MATERIAL PROVIDED >>

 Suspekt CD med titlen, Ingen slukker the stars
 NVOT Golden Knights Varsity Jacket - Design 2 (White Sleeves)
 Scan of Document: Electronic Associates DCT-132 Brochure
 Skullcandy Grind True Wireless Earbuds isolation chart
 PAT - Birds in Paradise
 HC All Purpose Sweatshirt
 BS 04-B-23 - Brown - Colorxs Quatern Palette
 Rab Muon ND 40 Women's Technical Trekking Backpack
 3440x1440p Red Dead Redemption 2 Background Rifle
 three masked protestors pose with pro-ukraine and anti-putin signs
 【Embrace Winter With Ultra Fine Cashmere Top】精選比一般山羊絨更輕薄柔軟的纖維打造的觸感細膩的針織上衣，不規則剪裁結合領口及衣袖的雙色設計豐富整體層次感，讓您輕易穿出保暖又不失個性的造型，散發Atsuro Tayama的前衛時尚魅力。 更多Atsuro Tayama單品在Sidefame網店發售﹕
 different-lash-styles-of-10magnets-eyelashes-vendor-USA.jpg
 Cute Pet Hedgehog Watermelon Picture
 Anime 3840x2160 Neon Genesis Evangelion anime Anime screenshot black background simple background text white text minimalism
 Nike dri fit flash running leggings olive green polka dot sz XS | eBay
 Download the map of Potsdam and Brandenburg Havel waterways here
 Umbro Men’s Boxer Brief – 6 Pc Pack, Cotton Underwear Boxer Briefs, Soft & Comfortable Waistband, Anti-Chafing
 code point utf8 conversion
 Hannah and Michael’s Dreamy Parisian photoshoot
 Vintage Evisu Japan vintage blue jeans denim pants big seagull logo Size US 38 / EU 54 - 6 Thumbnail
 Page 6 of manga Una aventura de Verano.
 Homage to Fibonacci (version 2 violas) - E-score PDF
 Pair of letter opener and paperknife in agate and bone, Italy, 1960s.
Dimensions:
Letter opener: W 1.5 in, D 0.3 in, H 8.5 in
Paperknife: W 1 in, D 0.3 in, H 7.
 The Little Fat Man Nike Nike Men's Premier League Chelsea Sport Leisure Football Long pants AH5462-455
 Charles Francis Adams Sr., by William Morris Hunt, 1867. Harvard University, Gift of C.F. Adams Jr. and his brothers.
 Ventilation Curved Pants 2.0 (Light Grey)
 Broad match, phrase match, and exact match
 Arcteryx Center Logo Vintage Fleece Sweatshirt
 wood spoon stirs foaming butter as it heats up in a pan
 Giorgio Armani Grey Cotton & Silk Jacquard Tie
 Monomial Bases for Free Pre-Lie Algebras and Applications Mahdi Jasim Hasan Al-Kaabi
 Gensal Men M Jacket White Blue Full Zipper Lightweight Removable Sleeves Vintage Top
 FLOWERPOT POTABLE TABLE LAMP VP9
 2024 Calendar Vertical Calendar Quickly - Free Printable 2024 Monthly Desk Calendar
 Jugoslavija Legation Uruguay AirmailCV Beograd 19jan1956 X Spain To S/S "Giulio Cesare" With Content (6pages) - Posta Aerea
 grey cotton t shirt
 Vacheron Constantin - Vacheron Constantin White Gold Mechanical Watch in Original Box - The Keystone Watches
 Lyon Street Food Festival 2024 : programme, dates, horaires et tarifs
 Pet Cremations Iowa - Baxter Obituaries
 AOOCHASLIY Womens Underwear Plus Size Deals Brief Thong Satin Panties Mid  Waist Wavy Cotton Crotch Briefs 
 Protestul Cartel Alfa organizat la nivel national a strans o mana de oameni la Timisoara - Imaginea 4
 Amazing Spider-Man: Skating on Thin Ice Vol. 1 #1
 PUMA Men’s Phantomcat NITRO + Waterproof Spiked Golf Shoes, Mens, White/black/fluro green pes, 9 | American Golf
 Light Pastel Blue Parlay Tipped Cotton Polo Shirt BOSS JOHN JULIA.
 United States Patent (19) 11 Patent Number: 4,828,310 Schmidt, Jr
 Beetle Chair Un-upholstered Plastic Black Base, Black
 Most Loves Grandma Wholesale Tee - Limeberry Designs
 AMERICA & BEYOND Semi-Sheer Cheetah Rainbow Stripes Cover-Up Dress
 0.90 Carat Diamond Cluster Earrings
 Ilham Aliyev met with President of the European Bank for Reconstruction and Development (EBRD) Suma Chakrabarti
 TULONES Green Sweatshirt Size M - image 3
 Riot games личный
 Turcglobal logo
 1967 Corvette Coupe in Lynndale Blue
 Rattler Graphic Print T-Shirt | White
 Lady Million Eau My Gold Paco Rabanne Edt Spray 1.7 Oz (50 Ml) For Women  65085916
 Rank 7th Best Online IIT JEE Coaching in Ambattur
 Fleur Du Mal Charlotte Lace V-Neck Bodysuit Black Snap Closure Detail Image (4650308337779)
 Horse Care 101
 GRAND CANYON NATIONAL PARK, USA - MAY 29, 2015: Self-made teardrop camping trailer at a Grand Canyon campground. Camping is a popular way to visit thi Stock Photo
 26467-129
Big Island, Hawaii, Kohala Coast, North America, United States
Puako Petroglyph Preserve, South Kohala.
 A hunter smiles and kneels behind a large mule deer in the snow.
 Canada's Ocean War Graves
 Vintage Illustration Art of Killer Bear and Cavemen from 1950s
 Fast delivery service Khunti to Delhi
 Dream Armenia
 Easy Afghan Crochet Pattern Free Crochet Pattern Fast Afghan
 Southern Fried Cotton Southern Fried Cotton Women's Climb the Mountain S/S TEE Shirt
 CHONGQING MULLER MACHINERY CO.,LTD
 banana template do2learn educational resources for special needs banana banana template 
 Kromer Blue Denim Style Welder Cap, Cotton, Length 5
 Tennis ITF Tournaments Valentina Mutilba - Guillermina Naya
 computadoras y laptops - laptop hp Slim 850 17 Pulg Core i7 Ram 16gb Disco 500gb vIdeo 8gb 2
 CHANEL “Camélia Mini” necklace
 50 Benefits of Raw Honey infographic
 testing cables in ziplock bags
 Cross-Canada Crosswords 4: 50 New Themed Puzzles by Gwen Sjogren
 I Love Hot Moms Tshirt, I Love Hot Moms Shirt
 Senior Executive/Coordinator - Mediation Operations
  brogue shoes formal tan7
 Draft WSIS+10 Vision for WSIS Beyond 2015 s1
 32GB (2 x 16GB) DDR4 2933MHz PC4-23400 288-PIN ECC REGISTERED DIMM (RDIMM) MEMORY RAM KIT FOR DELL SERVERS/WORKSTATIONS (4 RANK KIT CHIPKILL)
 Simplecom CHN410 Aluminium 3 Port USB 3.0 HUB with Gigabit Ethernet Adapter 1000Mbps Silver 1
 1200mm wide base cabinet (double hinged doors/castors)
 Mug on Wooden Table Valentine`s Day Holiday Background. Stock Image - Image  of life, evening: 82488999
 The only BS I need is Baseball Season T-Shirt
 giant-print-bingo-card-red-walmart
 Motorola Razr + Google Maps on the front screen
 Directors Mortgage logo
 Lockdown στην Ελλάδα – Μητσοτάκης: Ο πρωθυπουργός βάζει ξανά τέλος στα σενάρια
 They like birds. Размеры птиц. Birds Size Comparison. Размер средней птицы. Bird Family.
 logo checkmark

WHAT YOU NEED TO DO >>
Please reproduce exactly the lines above, beginning with the first and ending with the line that contains "HC All Purpose Sweatshirt", and include nothing outside that range.

SOLUTION FOR THIS TASK >>
 Suspekt CD med titlen, Ingen slukker the stars
 NVOT Golden Knights Varsity Jacket - Design 2 (White Sleeves)
 Scan of Document: Electronic Associates DCT-132 Brochure
 Skullcandy Grind True Wireless Earbuds isolation chart
 PAT - Birds in Paradise
 HC All Purpose Sweatshirt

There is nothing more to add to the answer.